After locating the line that holds "Ep 225 - Branding", repeat it and each following line exactly until the material ends, skipping pictures.
*** Opening Material provided ***
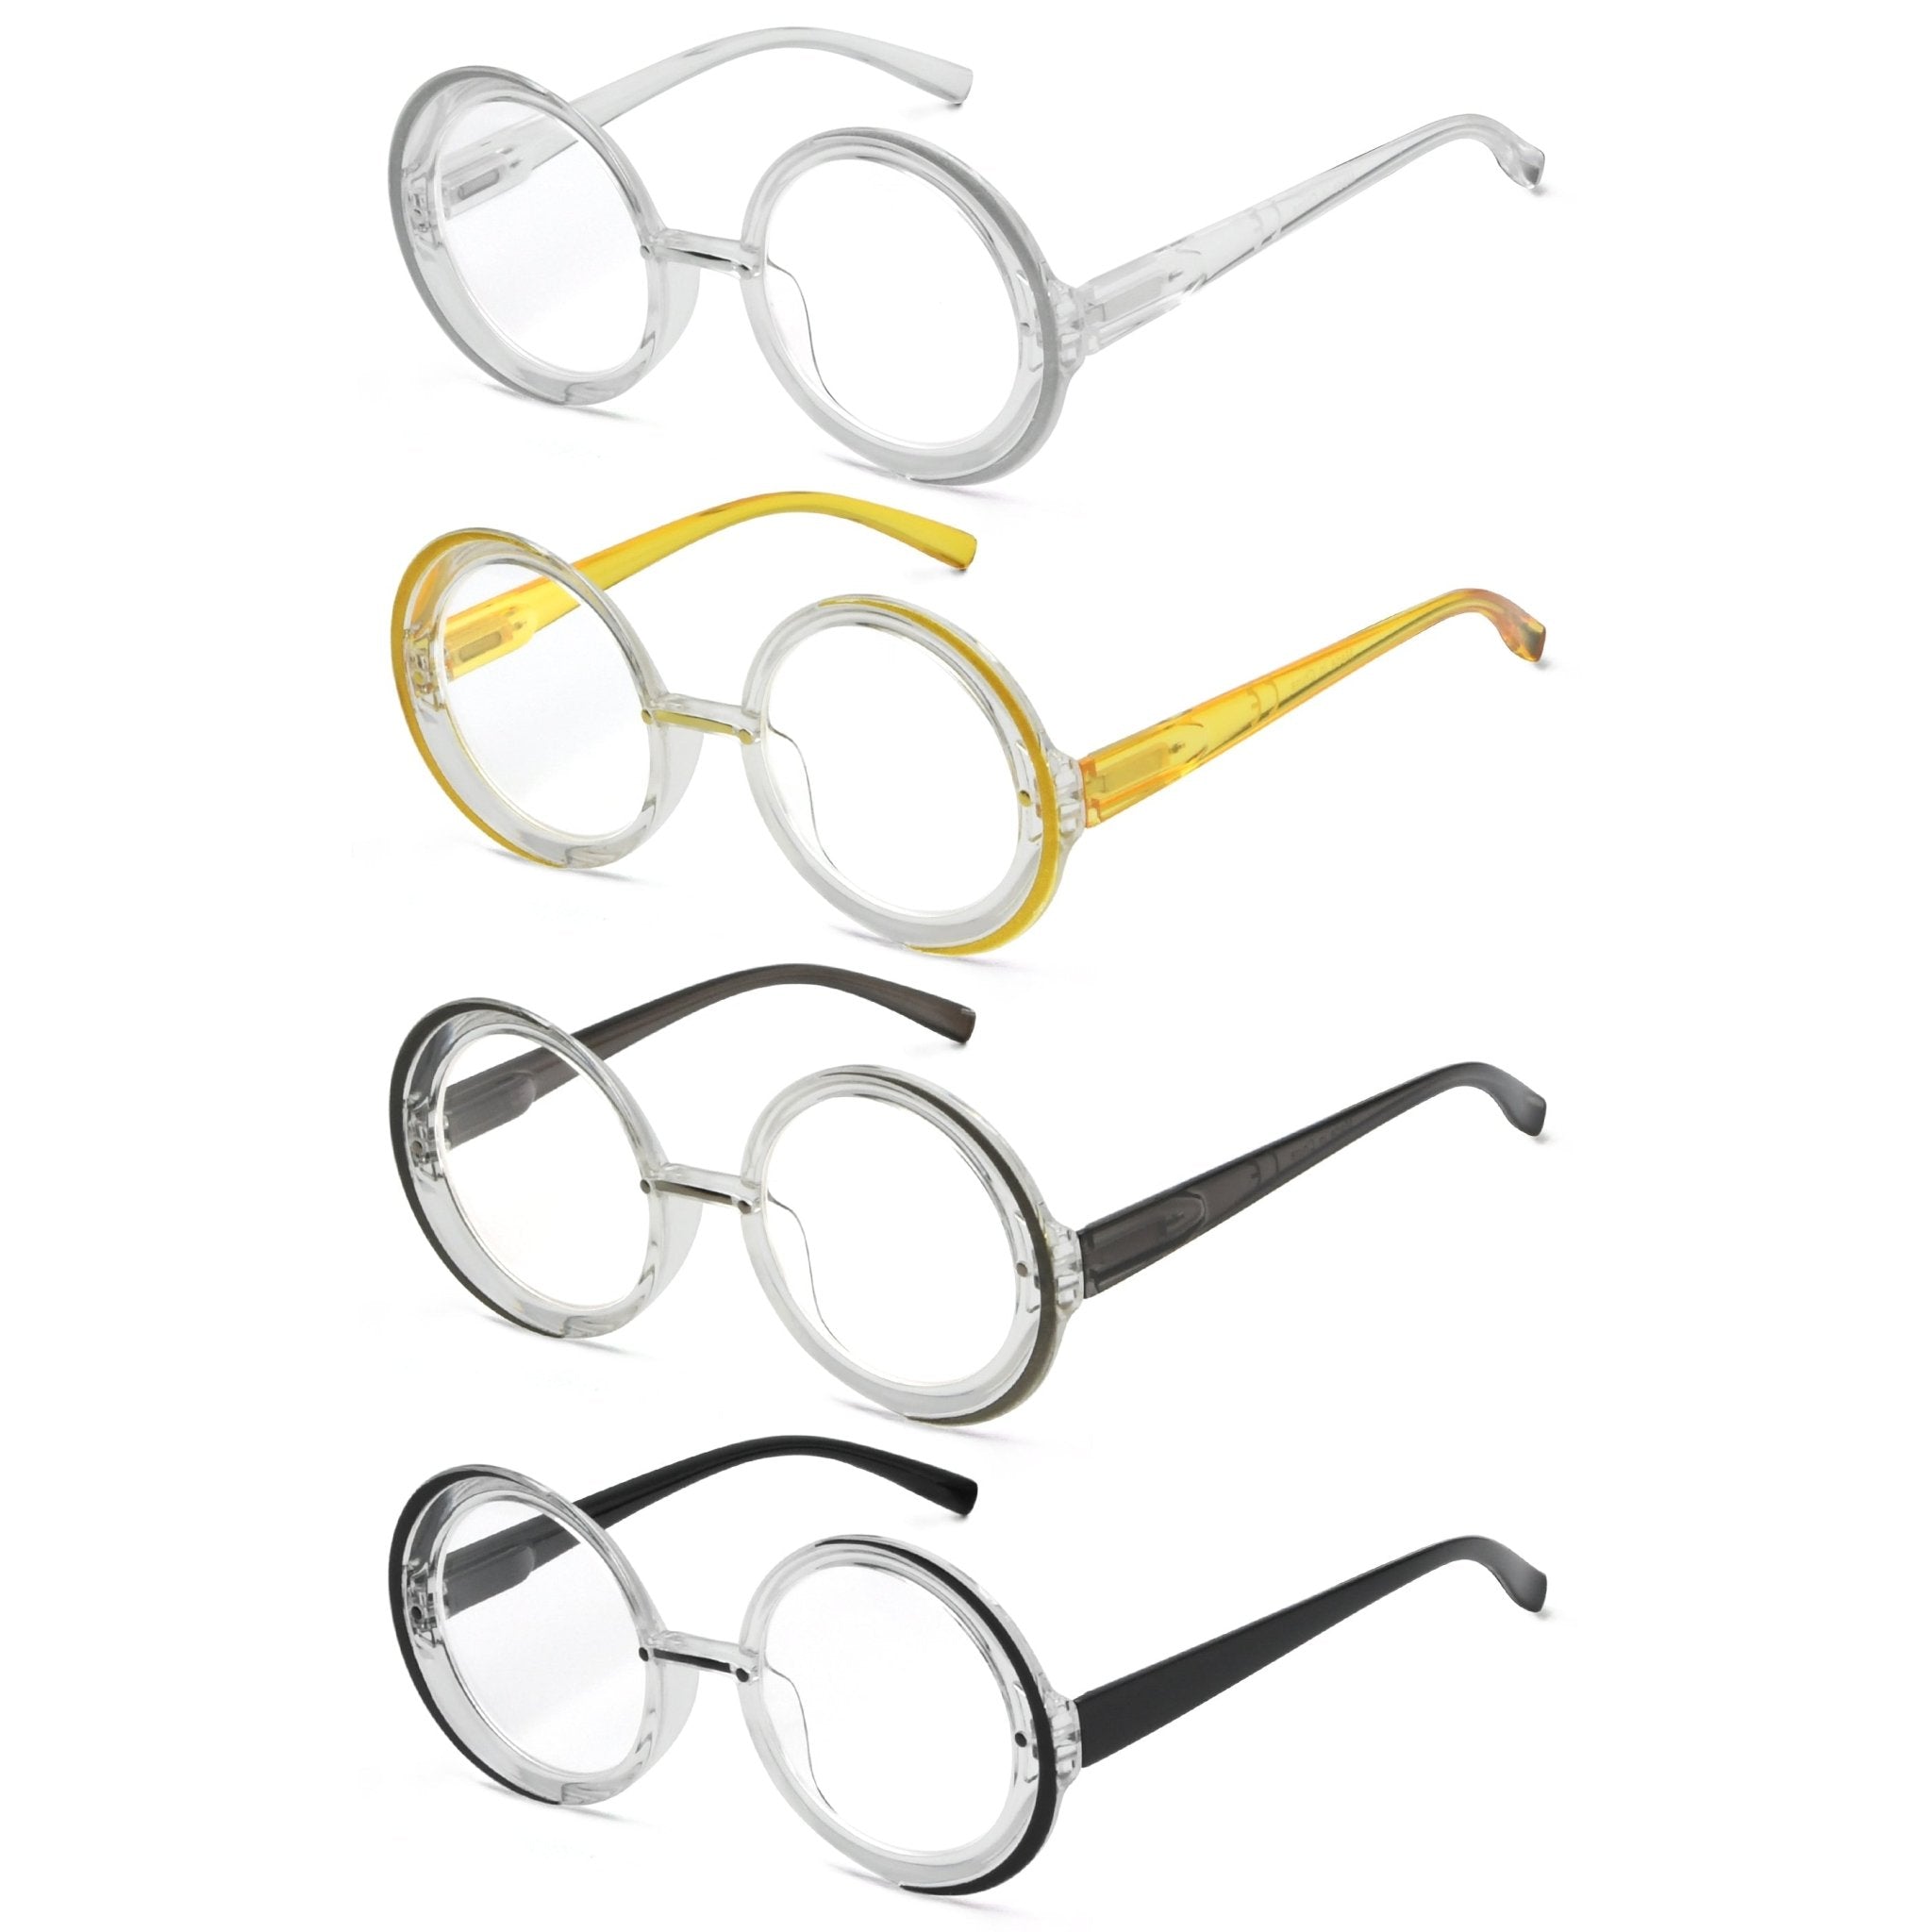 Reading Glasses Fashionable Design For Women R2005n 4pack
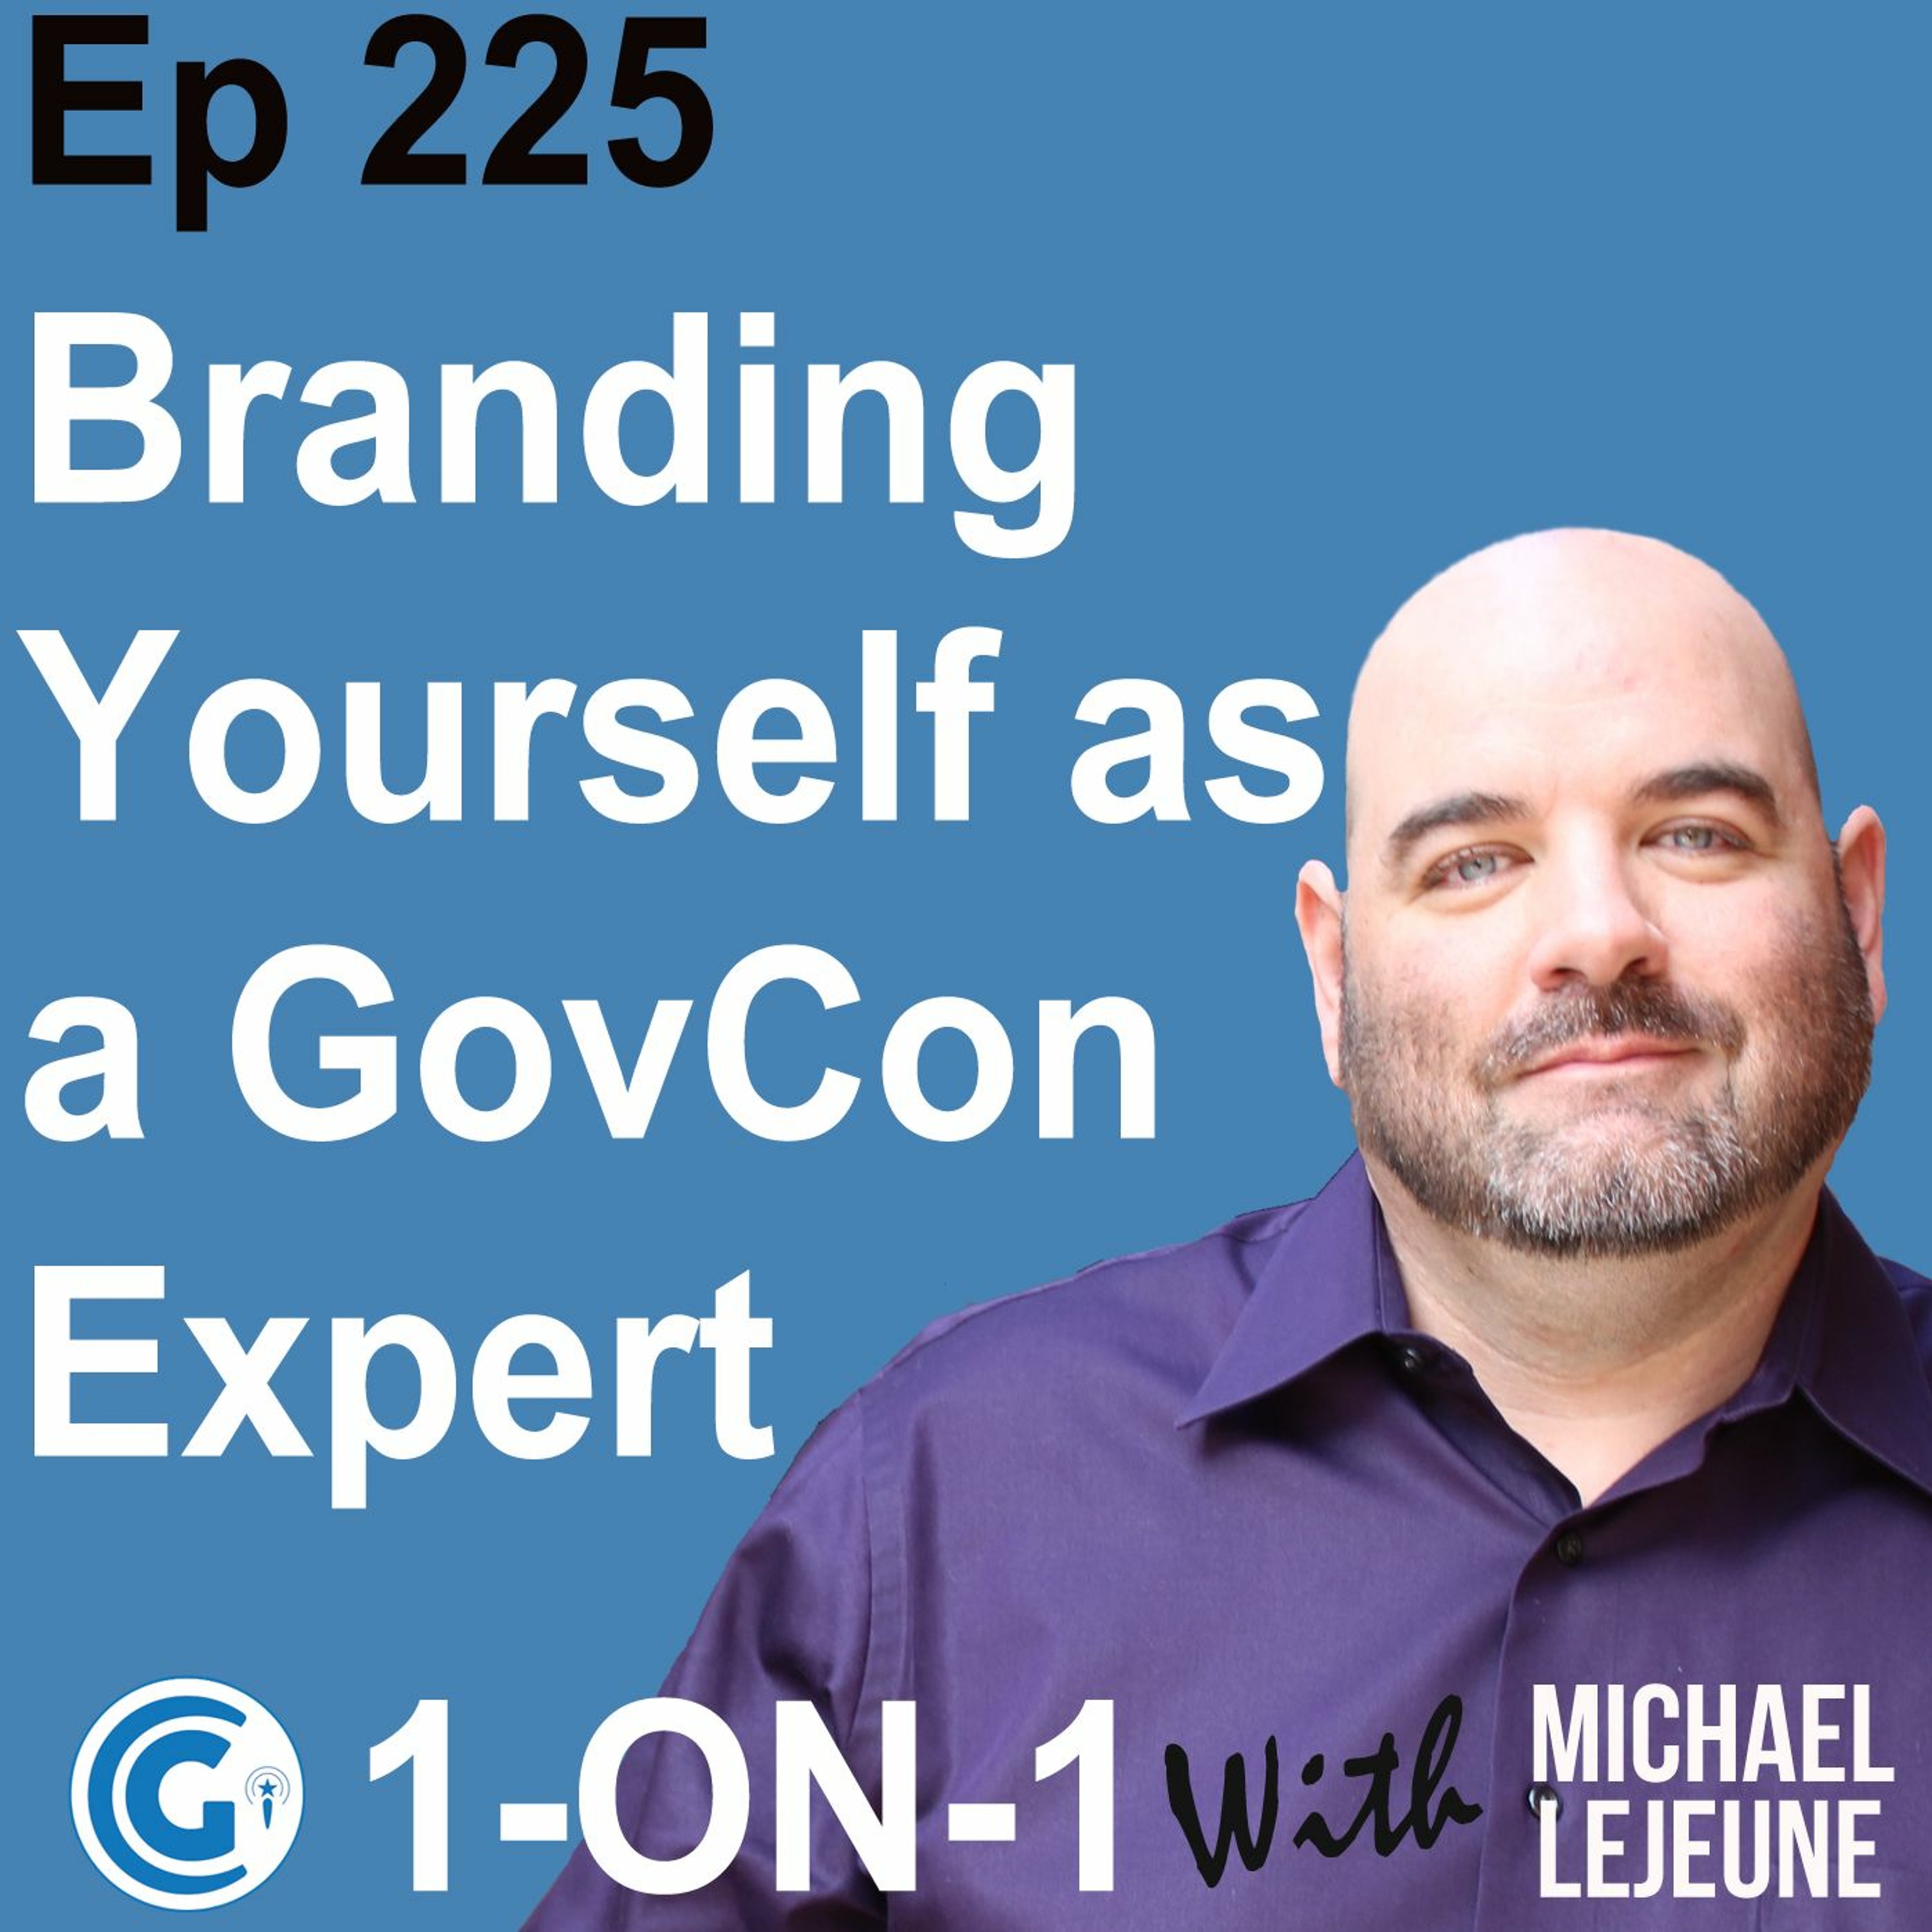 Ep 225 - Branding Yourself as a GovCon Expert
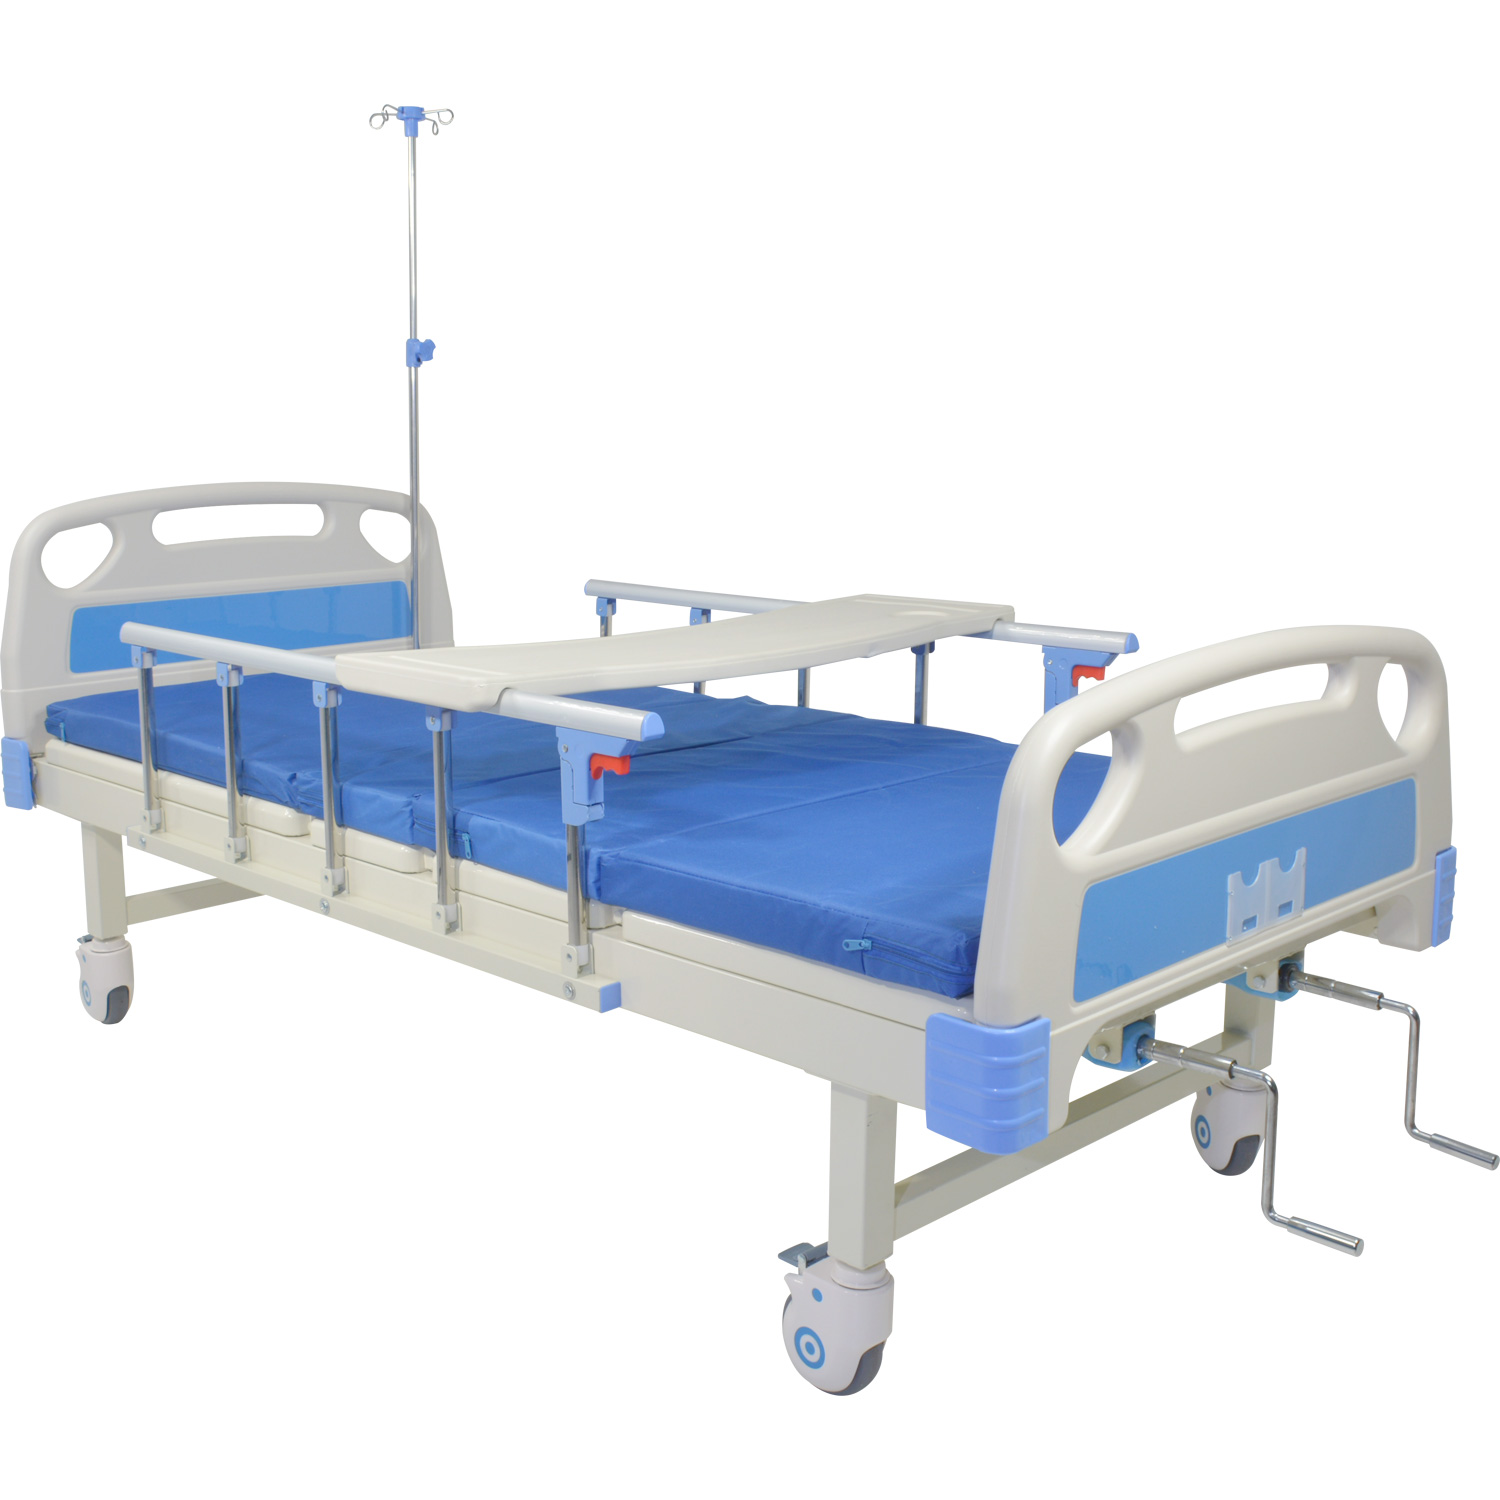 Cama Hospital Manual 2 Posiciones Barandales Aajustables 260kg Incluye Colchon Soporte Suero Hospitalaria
*** Closing Material provided ***
Answer to this problem:
 Ep 225 - Branding Yourself as a GovCon Expert
 Cama Hospital Manual 2 Posiciones Barandales Aajustables 260kg Incluye Colchon Soporte Suero Hospitalaria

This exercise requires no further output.